My computer died for the first time in October 2006. That was the catalyst for Chocolate Chip Cookies; I still have the handwritten copy in my Harriet the Spy notebook. October 2006 was when I lived in Chicago, with a close group of new friends. The bond between us--in October--felt almost familial, when we lived in the same building, ate at the same times, studied in the same rooms, crashed the same parties; October 2006 was crisp and cool and dark, Chicago was still a beginning, Trail of Dead put on a fucking incredible show, and the people in my life gave me all the words I needed.

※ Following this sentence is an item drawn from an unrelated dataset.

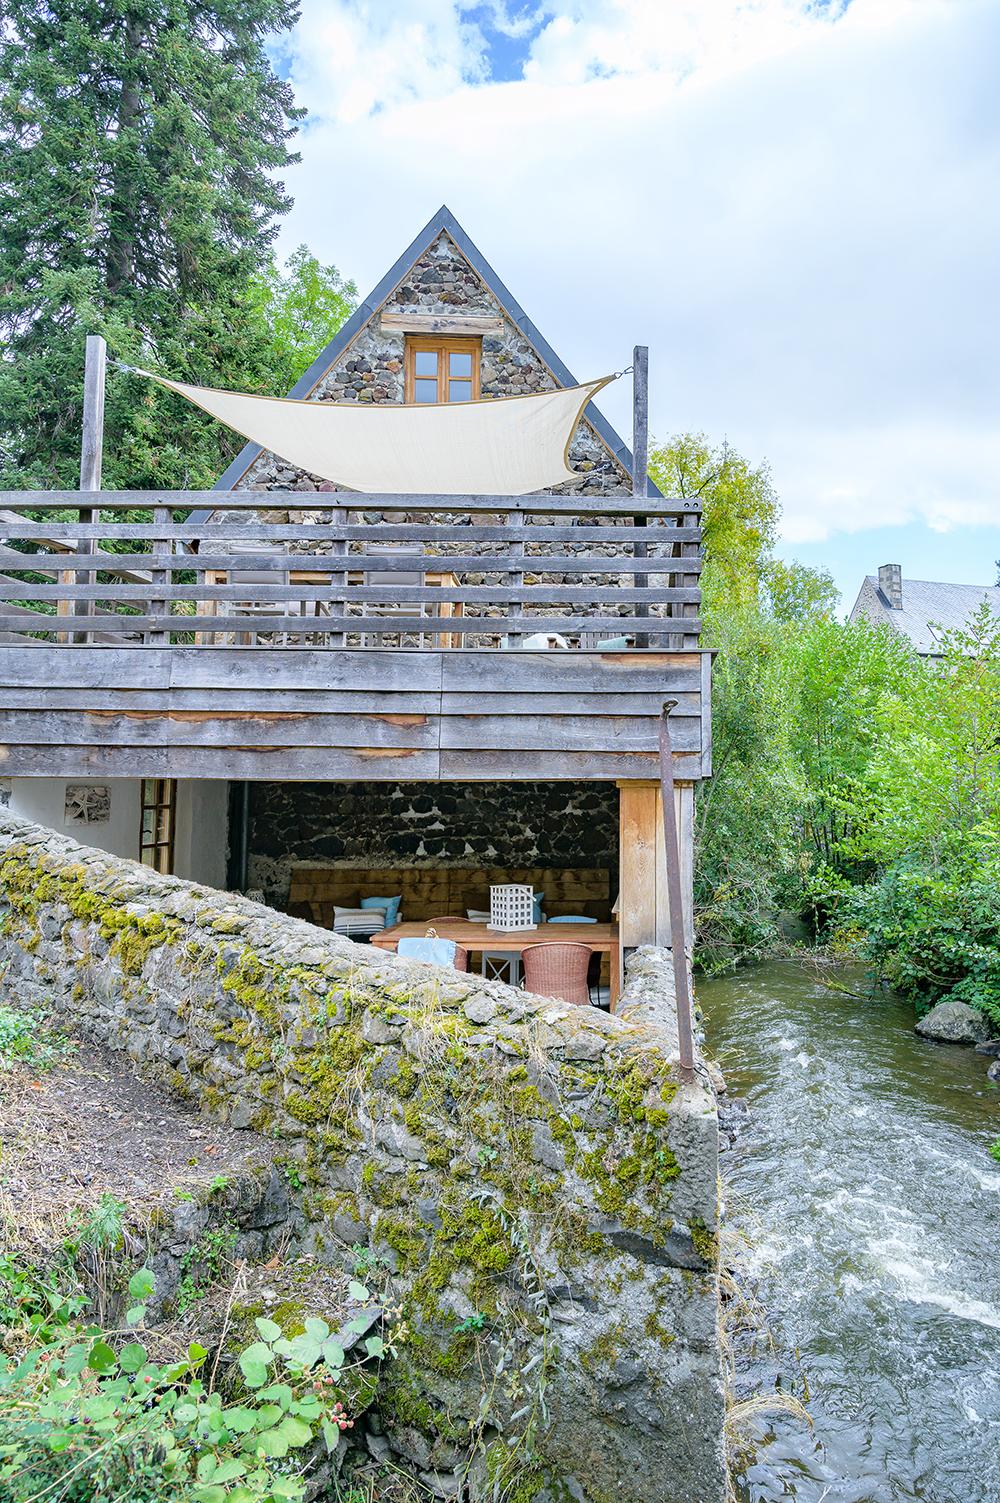 Overdekte loungeplek prive terras vakantiehuis Murol Puy-de-Dôme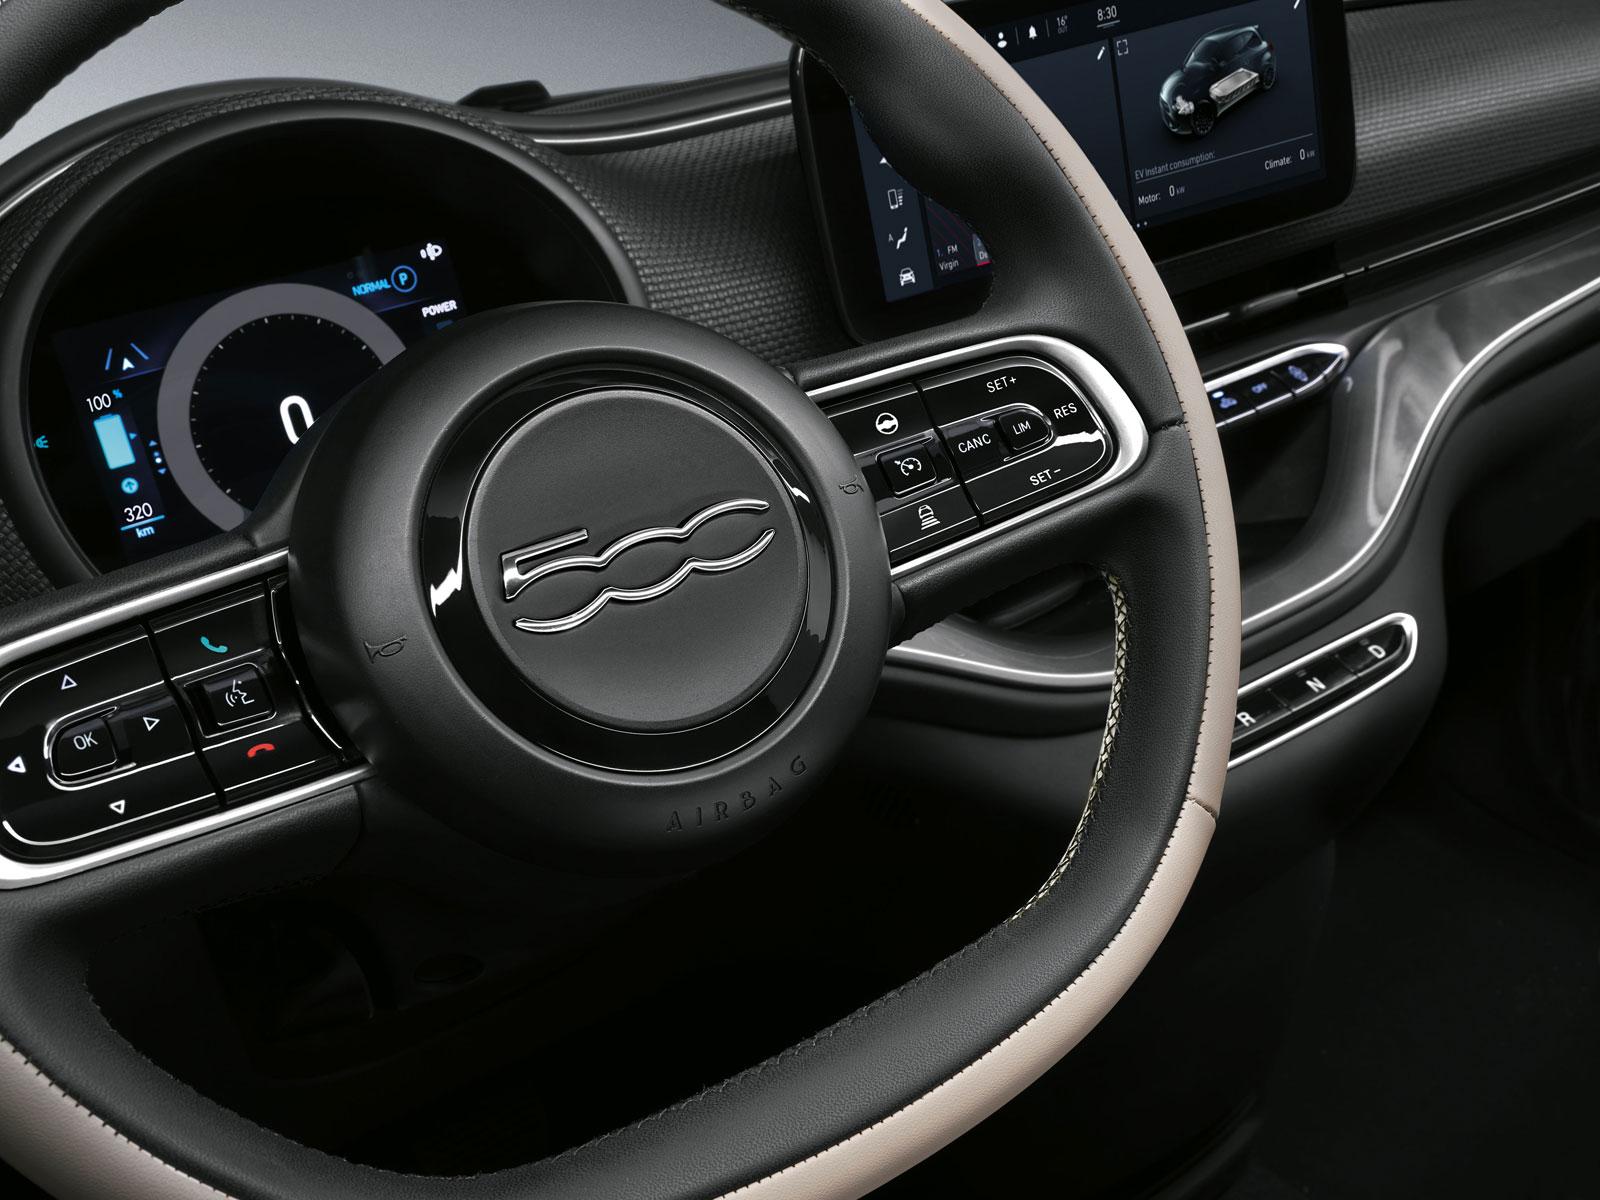 Spiksplinternieuw New Fiat 500 Interior Design - Car Body Design XC-92

But, of course, October 26.

No one writes for themselves

... The stark reality, the frank and the cold and the unembellished, is that everything is painfully obvious from now until then, and what's left to be found is nothing anyone wants to uncover. The great reveal--or the gradual, as it were--is inevitable, with only a simple audience behind the stage to watch it happen. This is the lack of judgment--the bright eyed design--falling in on itself. The safest method is to detach yourself and grasp onto disassociated observation, because things are prettier from the outside. You can't see the details from far away, and when all the dust settles it's so much easier to turn around.

My computer died for the second time in October 2007. Not that it produced a Chocolate Chip Cookies, but I can still taste what's left of Dichotomy. I'm exactly where I've always been, stranded in Cow Town USA, selling shoes full time and waiting for my chance to go back to school. Except now I live with close group of new friends, sharing a building of marijuana and music and aimless nights--"family" isn't the right word, but it's the first one that comes to mind. Now I can't tell the difference between poetry and prose, and now McDonald's feels the same as the moon and public restrooms. In October 2007 I am happy, despite September, despite August, but mostly despite October. Because the 26 is long passed, and I spent last night in a top hat and a painted smile.

I don't know what's going to happen in November. I just know right now it's crisp and cool. The air is filled with ideas and possibilities. The words are coming on their own, I have everything around me that I need to say, there's a comfortable stack of books sitting next to my bed. And the bond between us feels almost familial. So I'm not so worried about November. Right now, I'm enjoying October.